__THE PROBLEM__: Everything in the data except the pictures belongs in your answer, copied exactly.
[[ DATASET CONTENT open ]]
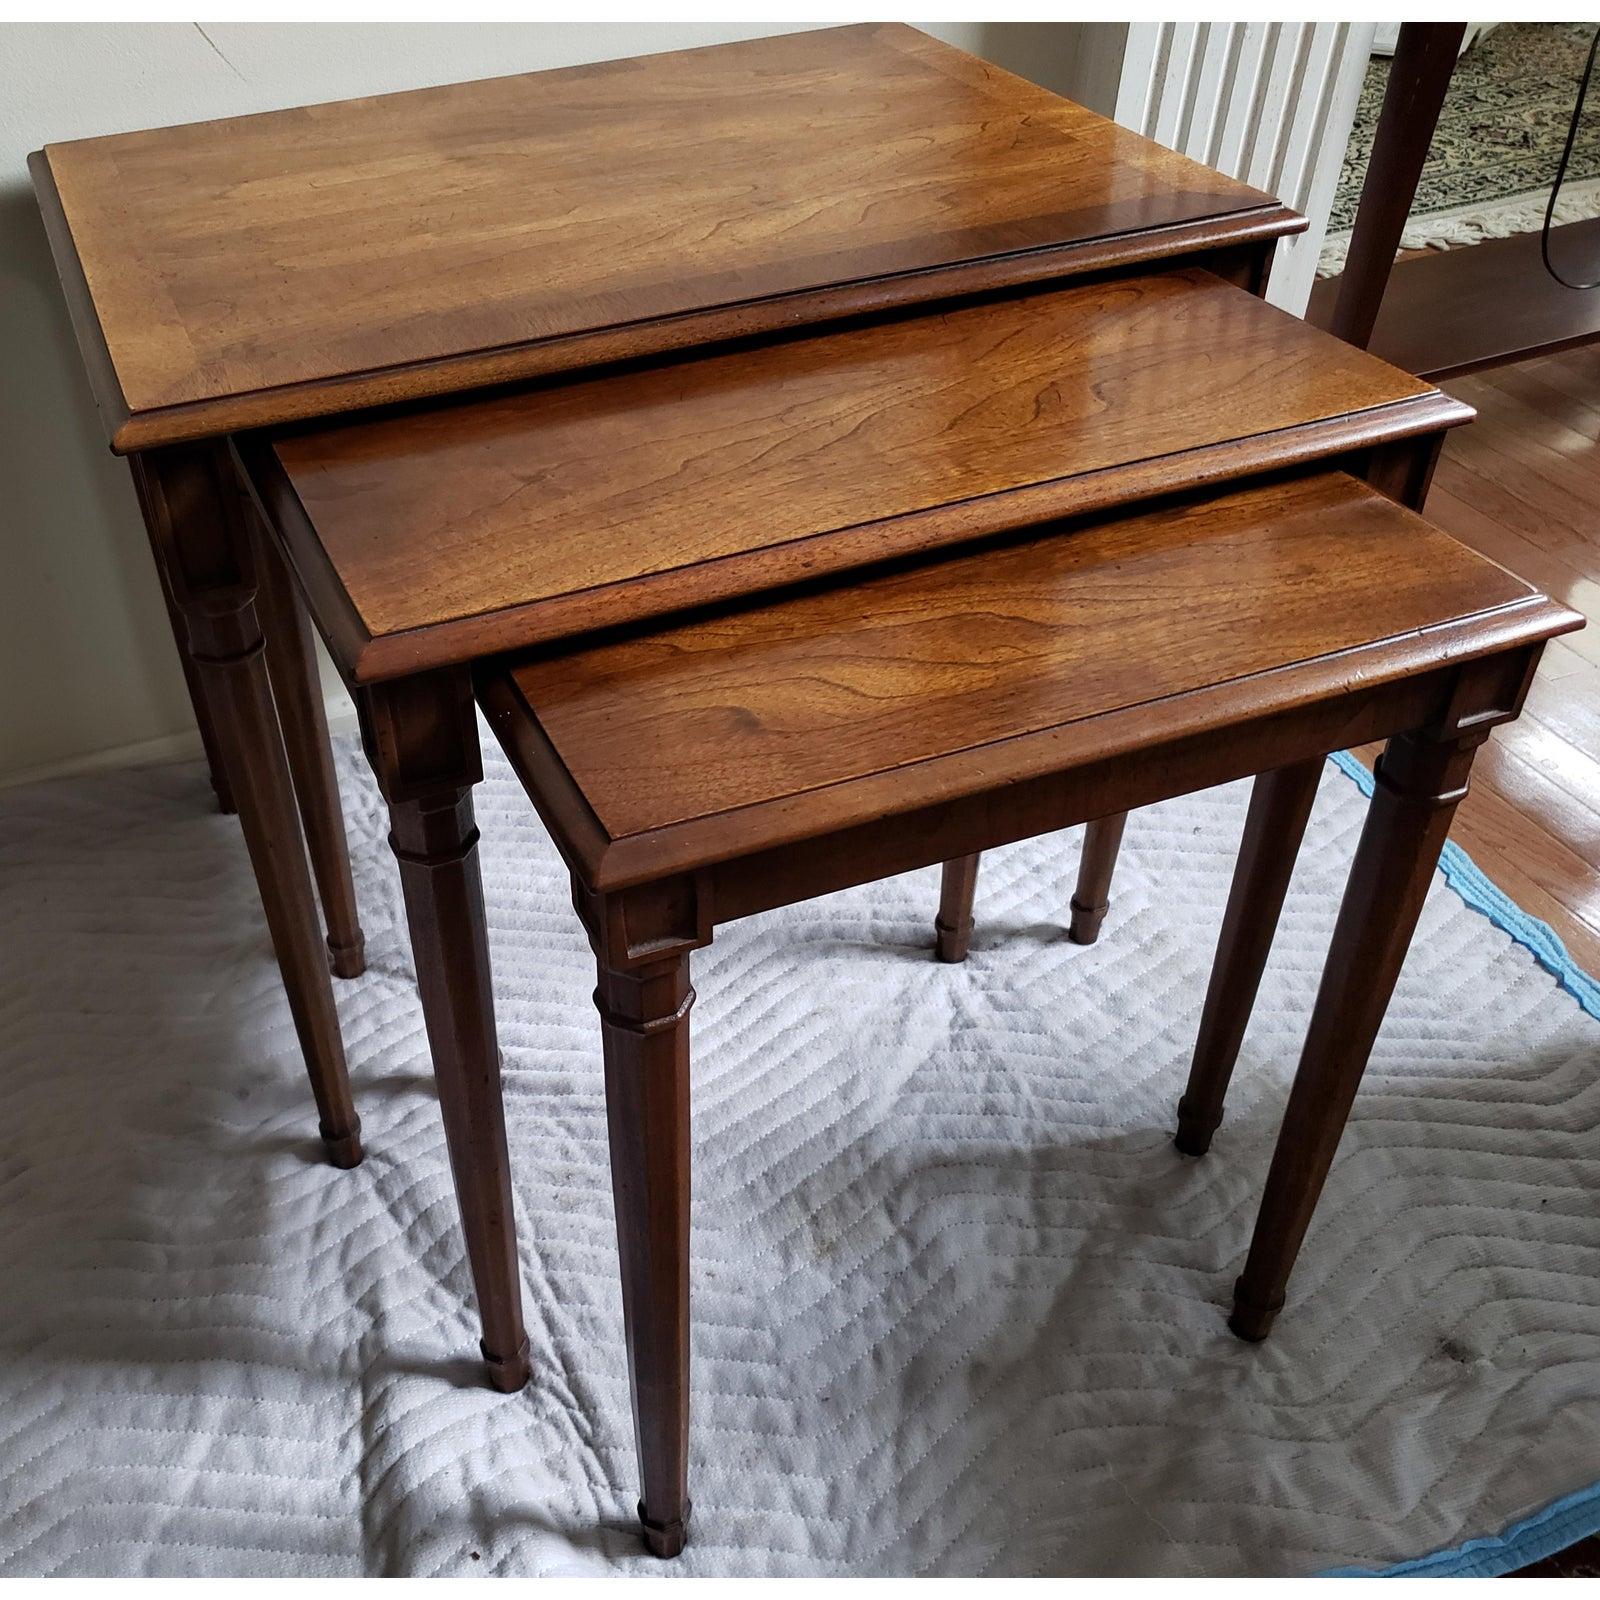 Solid dark Walnut Nesting Tables by Henredon. Manufactured in 1976. Hand Rubbed finish. Excellent condition with minimal wear. Measurements:
Large Table 27.25W x 20.25
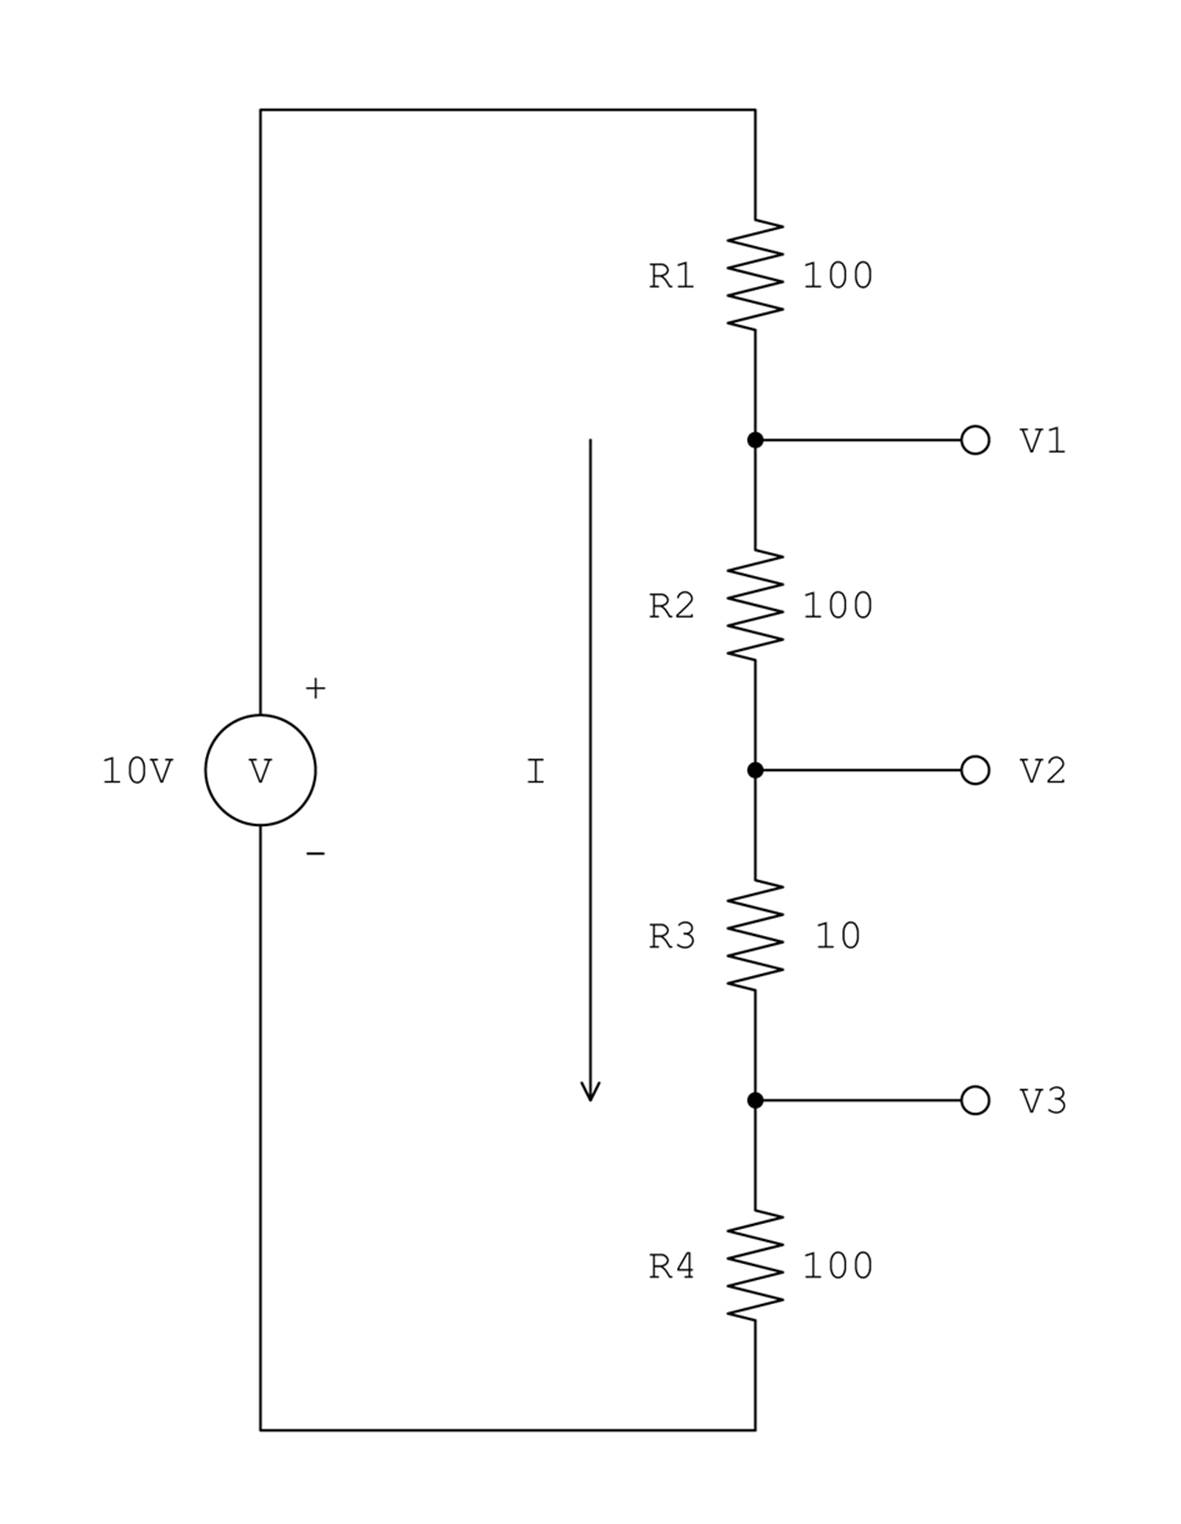 Series resistance network as a multi-tap voltage divider
[[ DATASET CONTENT closed ]]
__TASK OUTPUT__:
 Solid dark Walnut Nesting Tables by Henredon. Manufactured in 1976. Hand Rubbed finish. Excellent condition with minimal wear. Measurements:
Large Table 27.25W x 20.25
 Series resistance network as a multi-tap voltage divider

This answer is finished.